Your goal>
When you reach the line holding "Louis XIV miniature. - Image 2 of 3" in the material below, return that line and each one after it, word for word, with the pictures dropped.

Data extract>

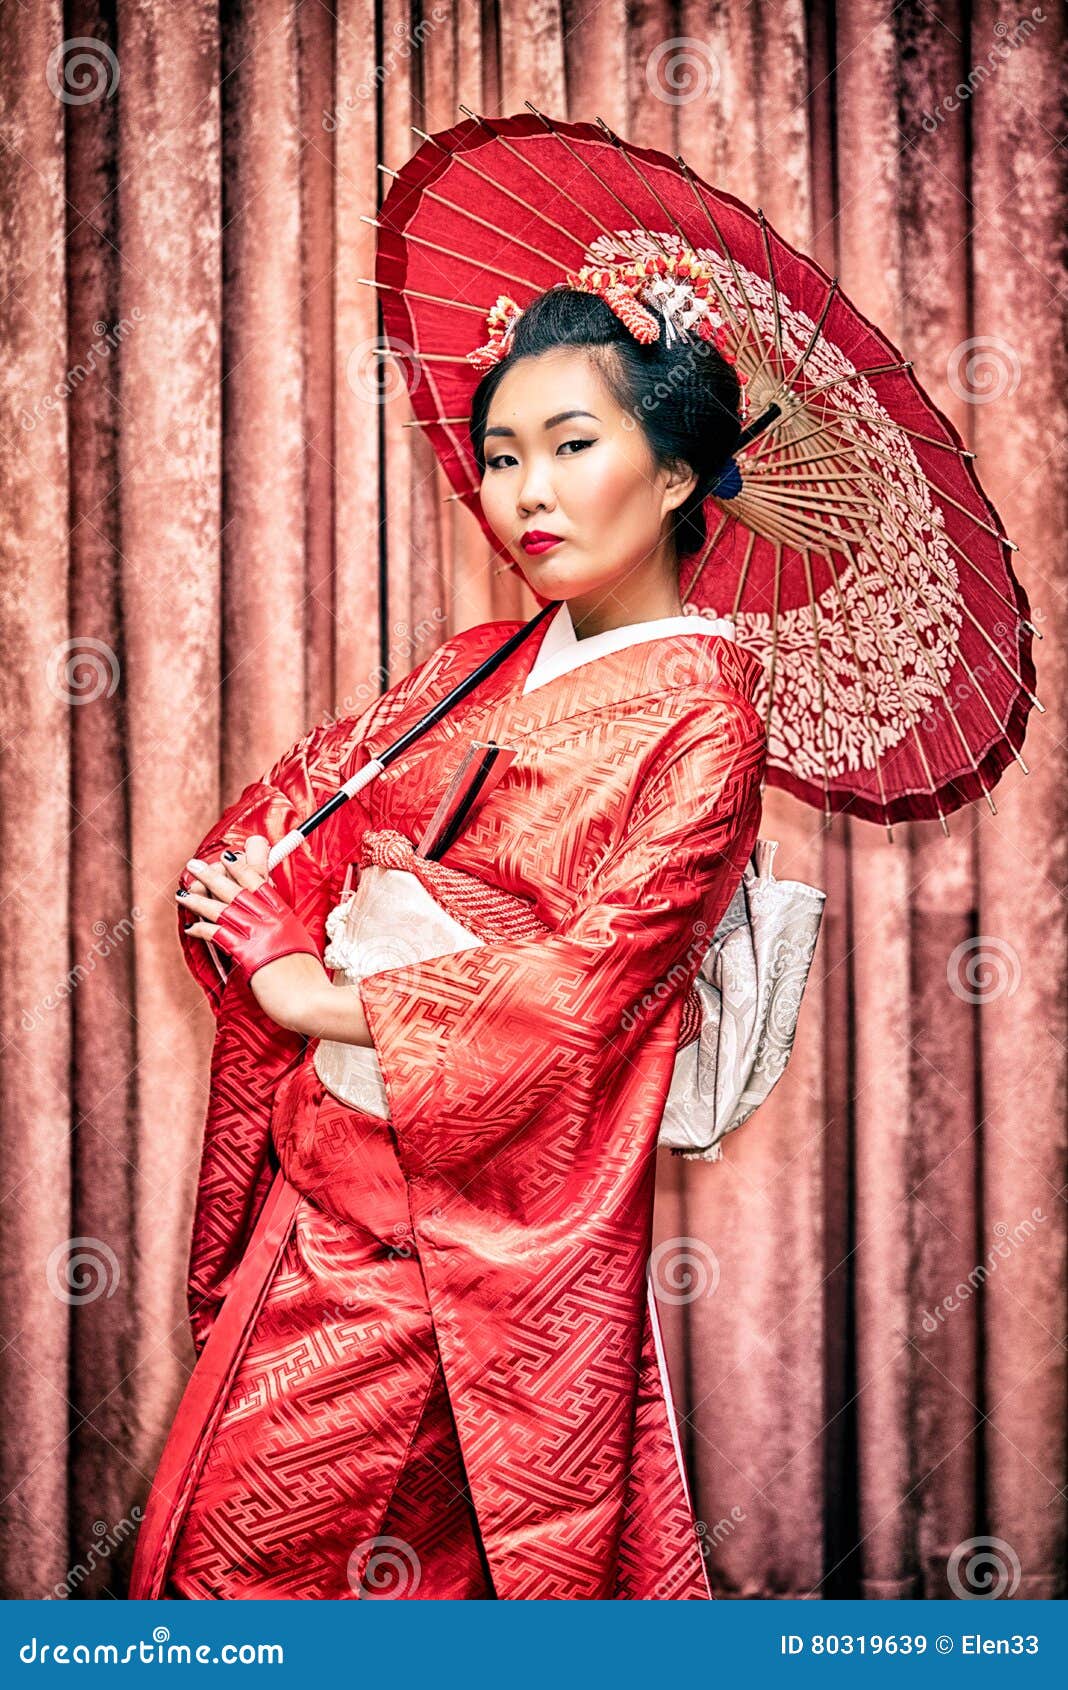 Reis Voorstad Rationalisatie Chinese woman stock image. Image of fashionable, kimono - 80319639
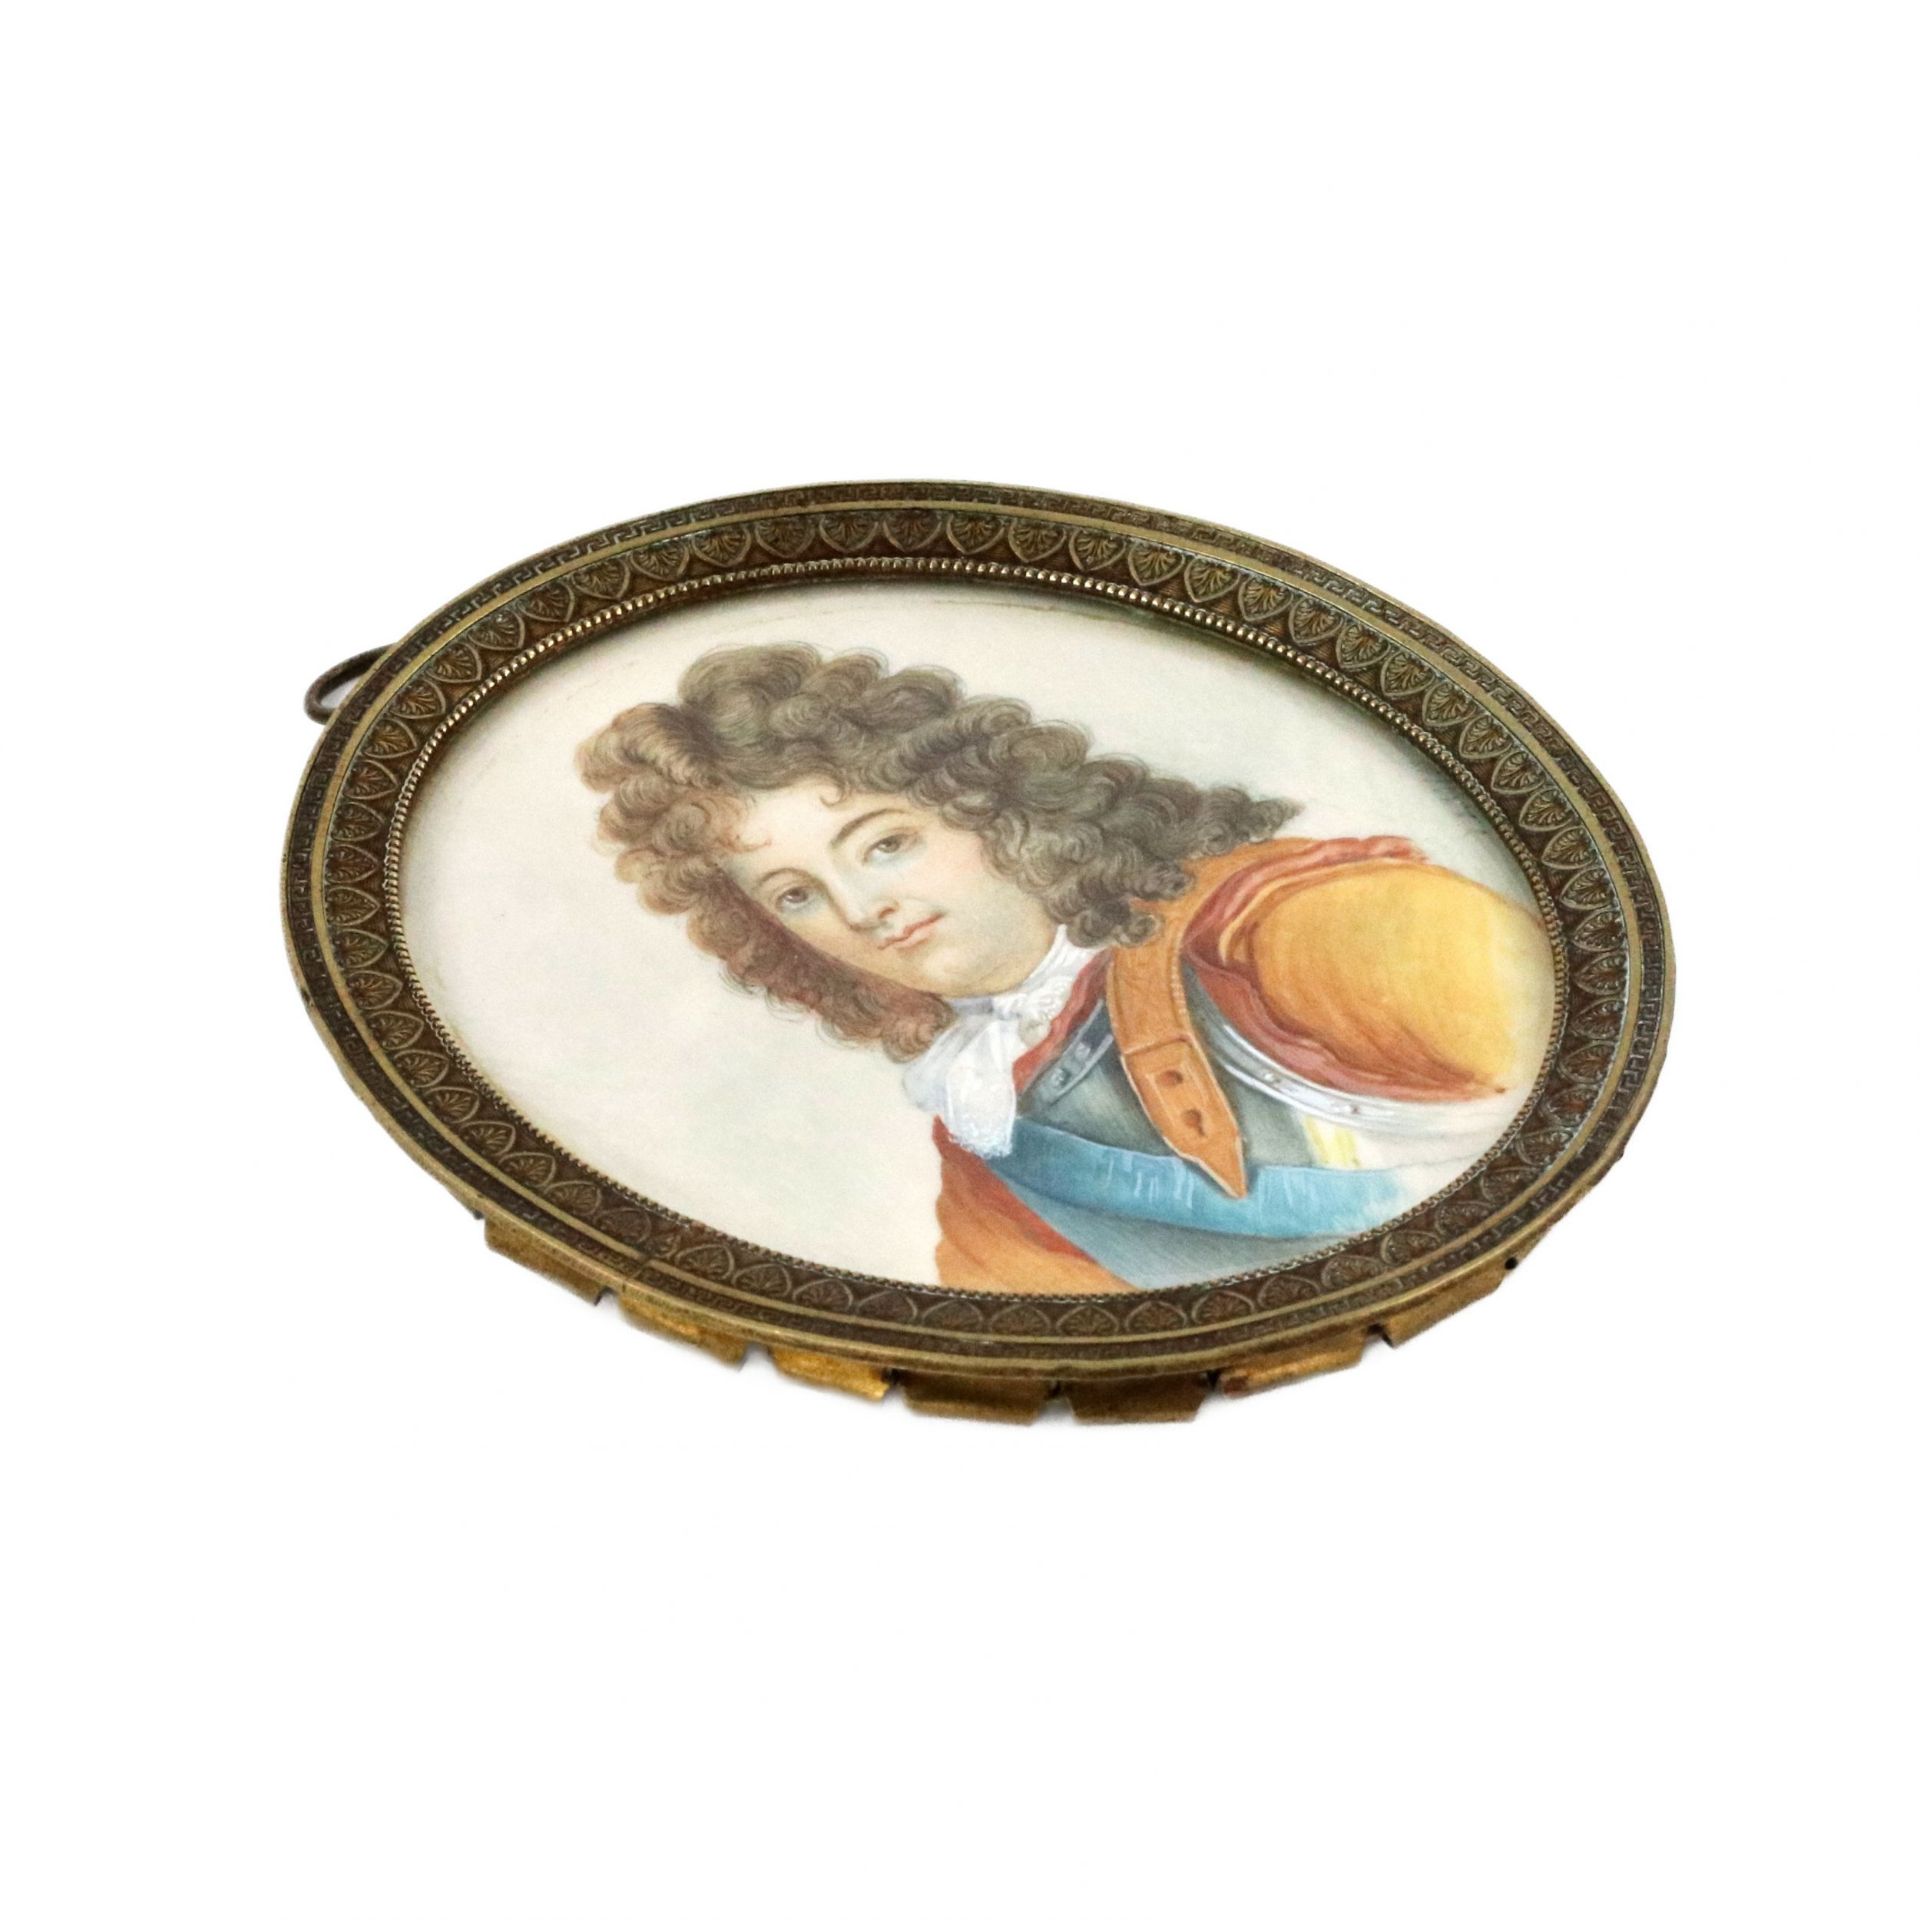 Louis XIV miniature. - Image 2 of 3
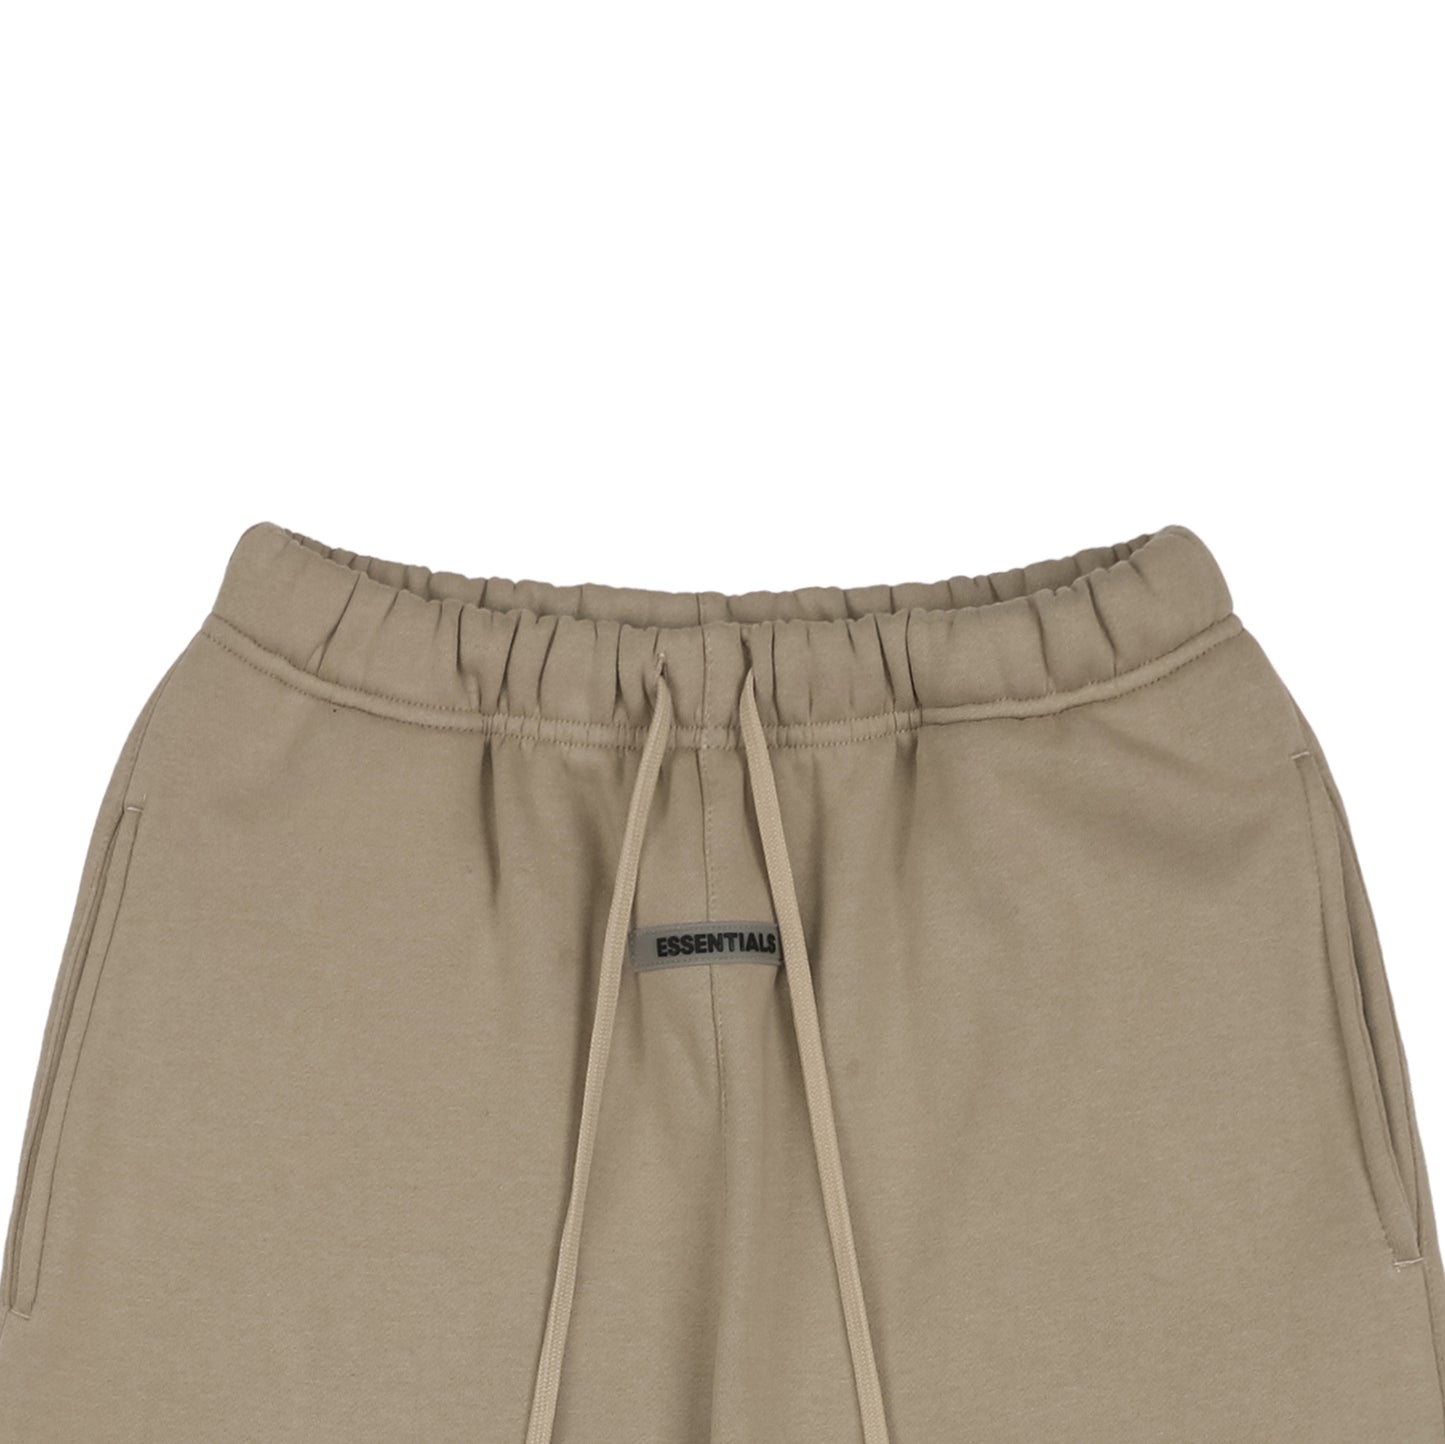 FOG Light Brown E55ential5 Shorts

Task solution>
 Louis XIV miniature. - Image 2 of 3
 FOG Light Brown E55ential5 Shorts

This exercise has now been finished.